サクッと検索してみたところ、鉄橋と海と電車の写真が出てきた。この風景はどこかで見たことがある気がする。多分電車の何かについて調べていた時に目にしたのだろう。

なるほどなるほど。今回の旅は鉄道をめいっぱい楽しむということでオーケー? では旅の主旨を見出したところで、餘部へ向かって出発だ。

切符は大阪市内発着と決まっているので、記者は暮らしている奈良から大阪まで出る必要がある。その際に別途交通費がかかるが、まあ良しとしよう。

通勤ラッシュの波をかいくぐり、大阪駅で城崎温泉行の「特急こうのとり1号」を待つ。餘部行の良いところは、城崎温泉での途中下車も可能であることだ。


極論すれば、餘部へ行かずに城崎温泉でゆっくり過ごすのもアリということ。選択できることも、餘部行切符の魅力のひとつである。

「こうのとり」に乗って、知らない景色をぼんやり眺めること3時間あまり。ついに城崎温泉駅に到着だ。ここで餘部行に乗り換える訳だが、次の電車はなんと約1時間後。


一旦城崎に降り立ち、ふらりと街中を散歩して再び乗車することにした。
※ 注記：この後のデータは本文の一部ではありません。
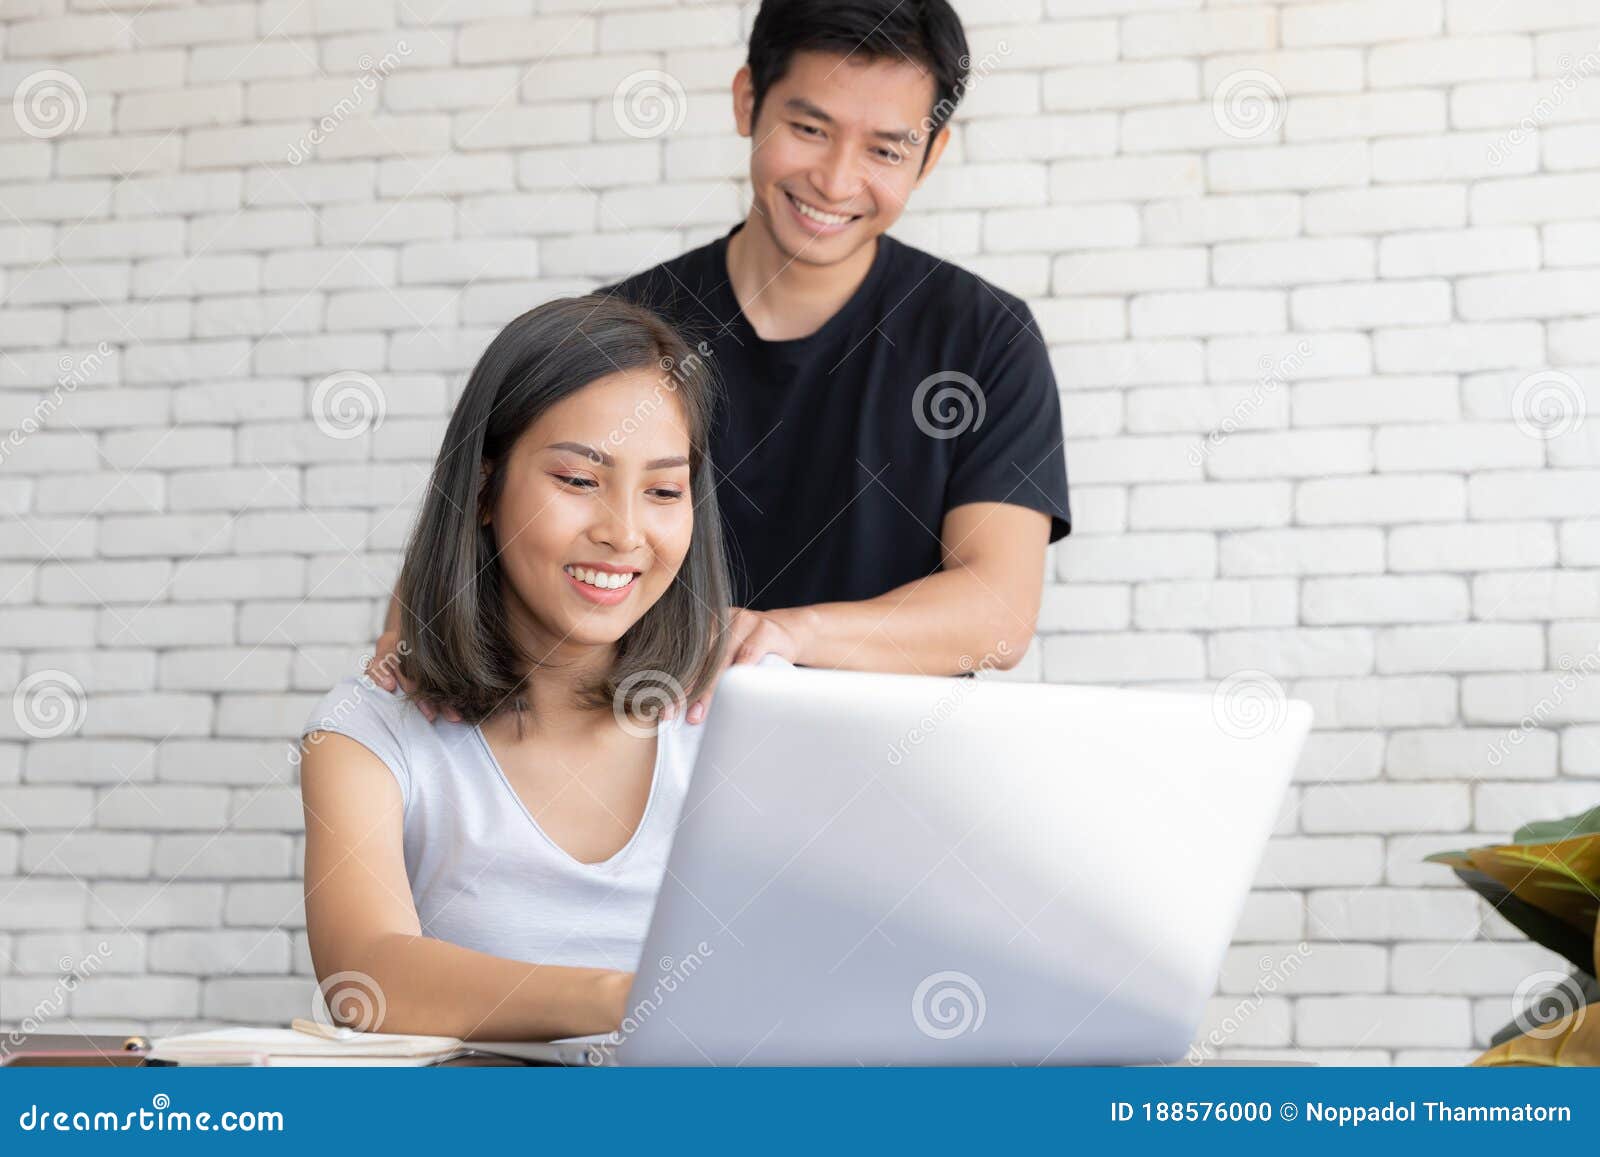 https://thumbs.dreamstime.com/z/portrait-young-smiling-couple-working-laptop-home-man-massage-shoulder-girl-men-relaxing-188576000.jpg

乗り逃すとまた1時間後、なんてことになり兼ねないので要注意だ。


・写真を撮りたいけど電車の本数が少ない

時間になると、山陰本線の普通列車鳥取行がやって来た。オレンジ2両の、レトロ車両がとても良い。ひと通りパシャパシャと記念撮影をして乗車だ。


車内は、同じくサイコロきっぷの利用者とみられる人でいっぱい。平日の昼間だったがほぼ満席で、やはりみな餘部駅で下車した。


この餘部駅の魅力は、なんといってもロケーションの素晴らしさ。あいにくこの日は雨模様だったが、降り立つと同時に目の前に広がる日本海は圧巻だ。


ホームが高台にあるからこその、景色であるともいえる。電車が走る鉄橋が2010年に新しいコンクリート製の橋に架け替えられたようで、その際に周りが整備されており、駅周辺をウロつくだけで楽しい。

駅から目と鼻の先には道の駅があり、食事もできる。きっぷを持つ同志の動きを見ていると、道の駅で休んでから散策している人が多数だった。


駅から数分の展望台に登れば、電車と鉄橋、海を含めた写真が撮れるのだが、この日記者以外は展望台に人の姿はなし。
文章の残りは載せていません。